7 破ってはいけない決まり

7 破ってはいけない決まり

 扉をくぐると、大歓声に出迎えられた。月下寮シェリの先輩たちだ。


「やっぱりお前は月下寮だったか!」

「そんな気がしてた」


 笑顔でそう言ってアーチの黒髪をぐしゃぐしゃにかきなでたのは、十七番ホームで会ったライナスとロジャーの二人だった。そういえばこの二人がいる寮だった、とアーチは今になって思い出した。

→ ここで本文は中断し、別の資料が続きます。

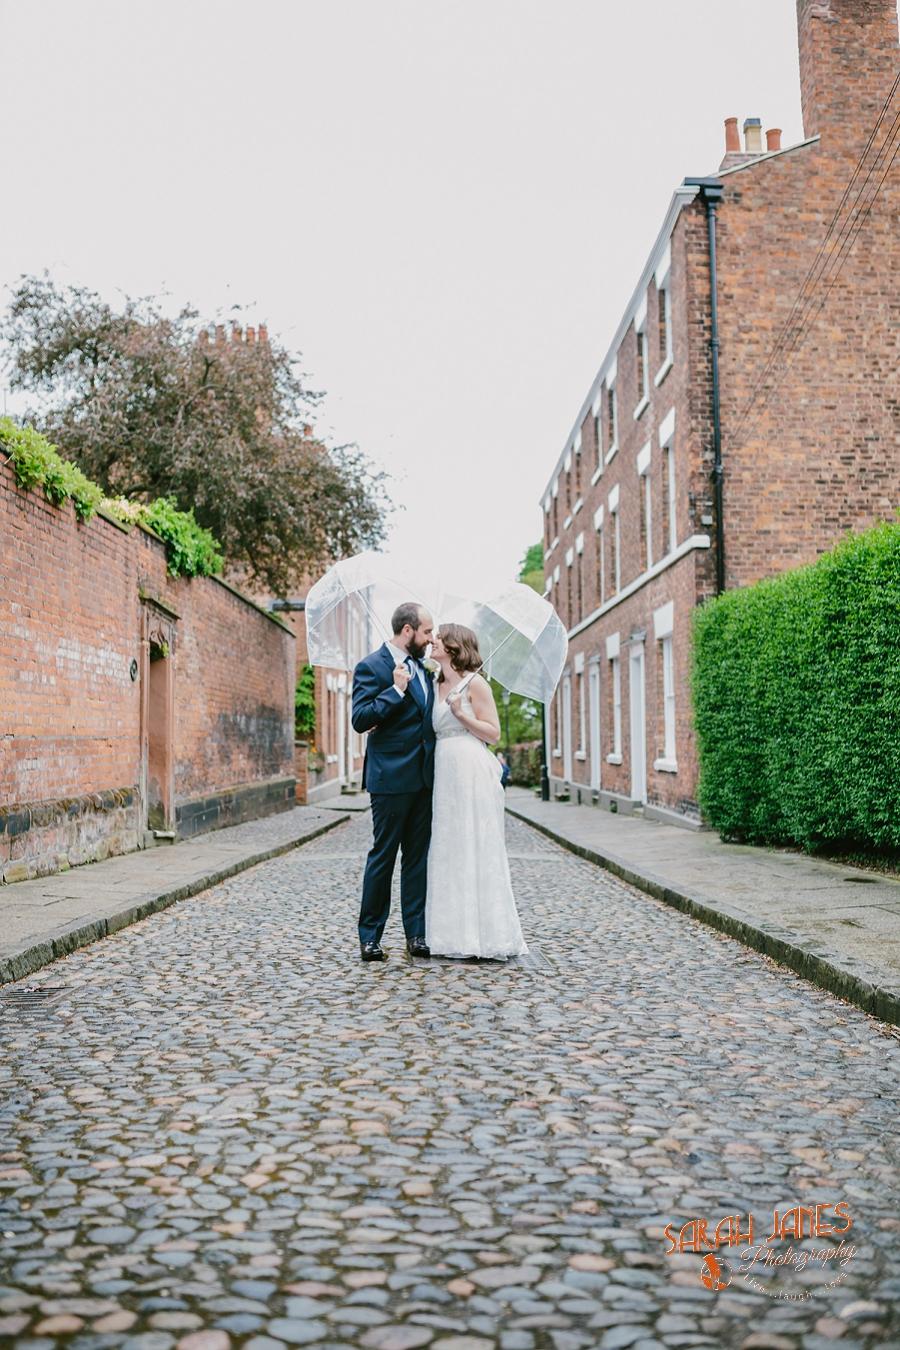 Sarah Janes Photography, Eccleston Village hall wedding, Chester Town Hall wedding_0013.jpg

 次々に他の一年生たちが入ってくる。その度に部屋は沸きあがり、拍手であふれ返った。

 六人目にフィルの姿を見つけて、アーチは思わず駆け寄った。


「フィル! 君も月下寮にしたんだね」

「うん。迷ったんだけど……やっぱ、ここがいいかなって」


 フィルははにかむように笑ってうなずいた。

 それから十人目が来るまで、五分くらいかかった。レモン頭は別の寮に行ったらしく、現れなかった。アーチはほっと息を吐いた。別に入ってきたところでどうでもいいけれど、違うなら違うほうが住みやすいに決まっている。

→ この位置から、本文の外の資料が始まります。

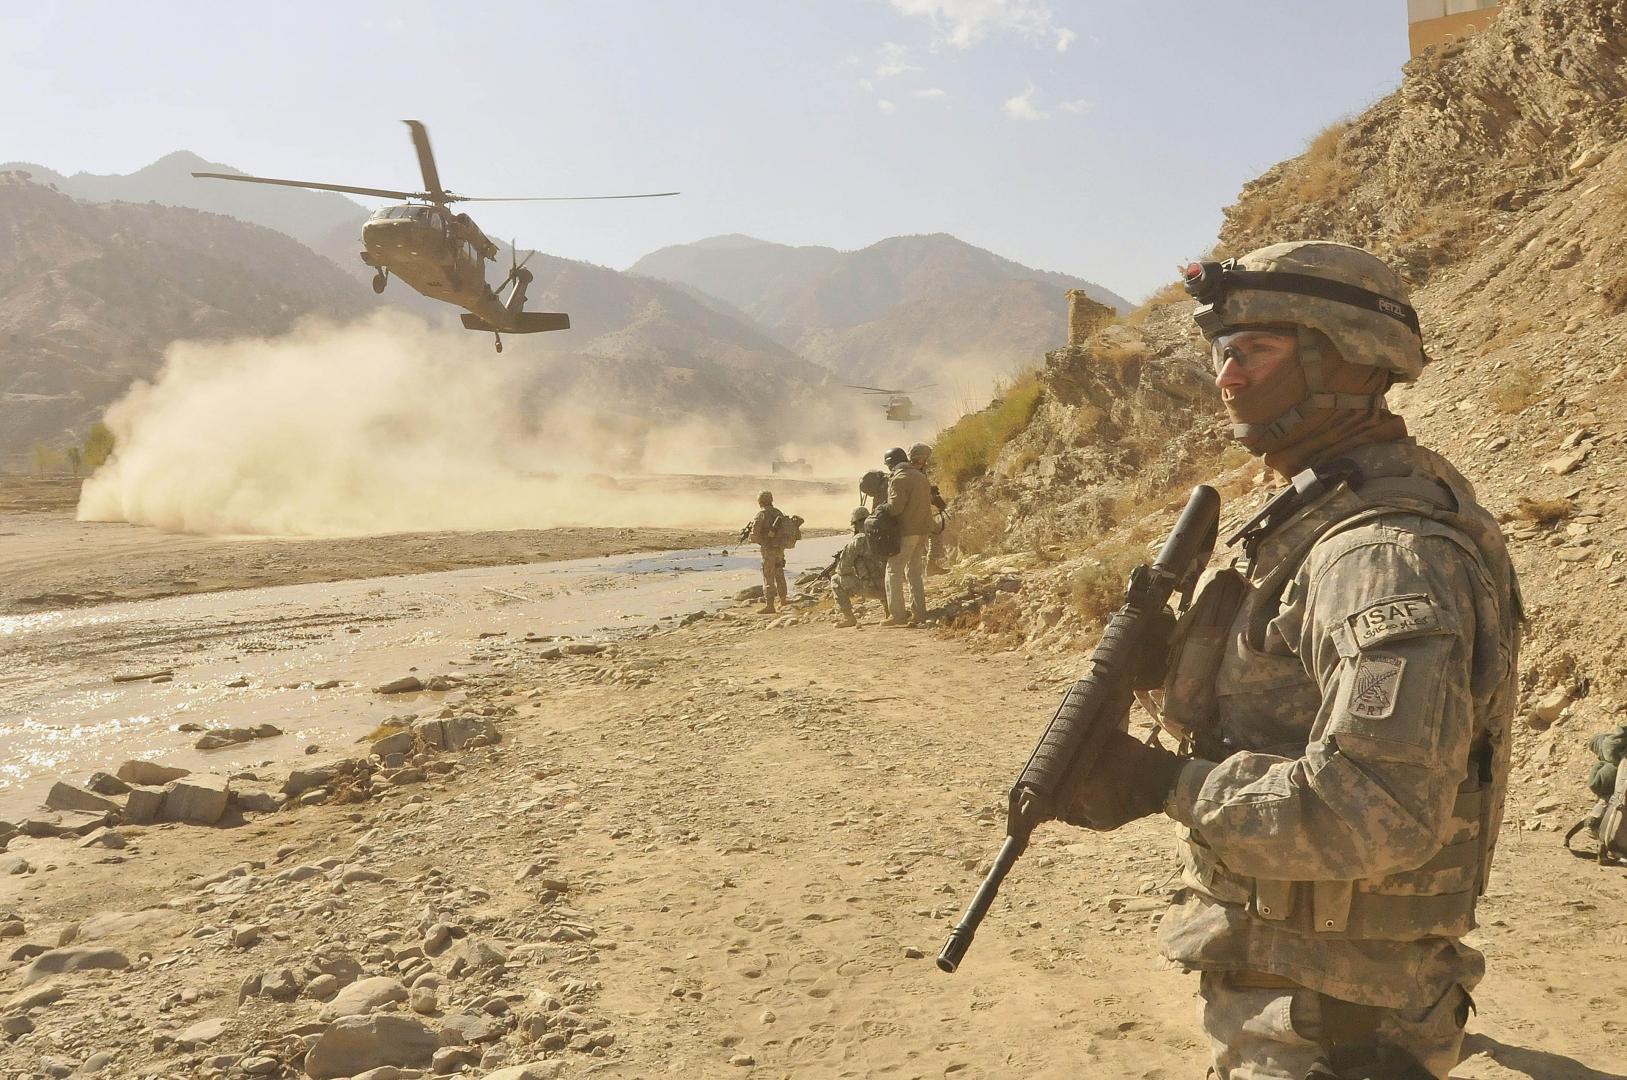 смотреть картинки афганистан

 最後に、前でしゃべっていた監督生が入ってきて、それで寮分けはおしまいになったらしい。


「はーい、それじゃあ諸君、注目」


 部屋の奥のほうから春風みたいなゆったりした声がして、みんなが口をつぐんだ。


「一年生は真ん中に、他は脇によけて」


 上級生たちがさっと動いて、アーチたちだけが部屋の中央に取り残される。

 進み出てきたのは、銀色の髪を床すれすれにまで伸ばした、背の高い男性だった。アーチは一瞬、あまりに綺麗な銀色に目を奪われた。照明の下でキラキラと輝いている。まるで本物の銀を引き伸ばしたみたいだ。


「はじめまして、一年生たち。月下寮の寮監、キャロル・ケルビン・バロウッズだ。薬草学の担当でもある」


 バロウッズ先生はもともと浮かべていたほほ笑みをいっそう深くした。最初から糸目なんだろう。少し目尻の垂れた目は、ほとんどつぶっているように見えた。


「君たちはこれから七年間、この寮で過ごすことになる。みんなと仲良く、自由気ままに、楽しく過ごしてね。さて、まずはいくつかの決まりがあるから、それをよく覚えてほしい。一つ目に――」


 先生が決まり事を話している間、アーチは部屋や人の観察をするのに忙しかった。

 壁寄りに並んだ先輩たちは、ほとんどみんな髪の毛を伸ばしていた。どうしてなんだろう? 魔法使いはそうするものなんだろうか。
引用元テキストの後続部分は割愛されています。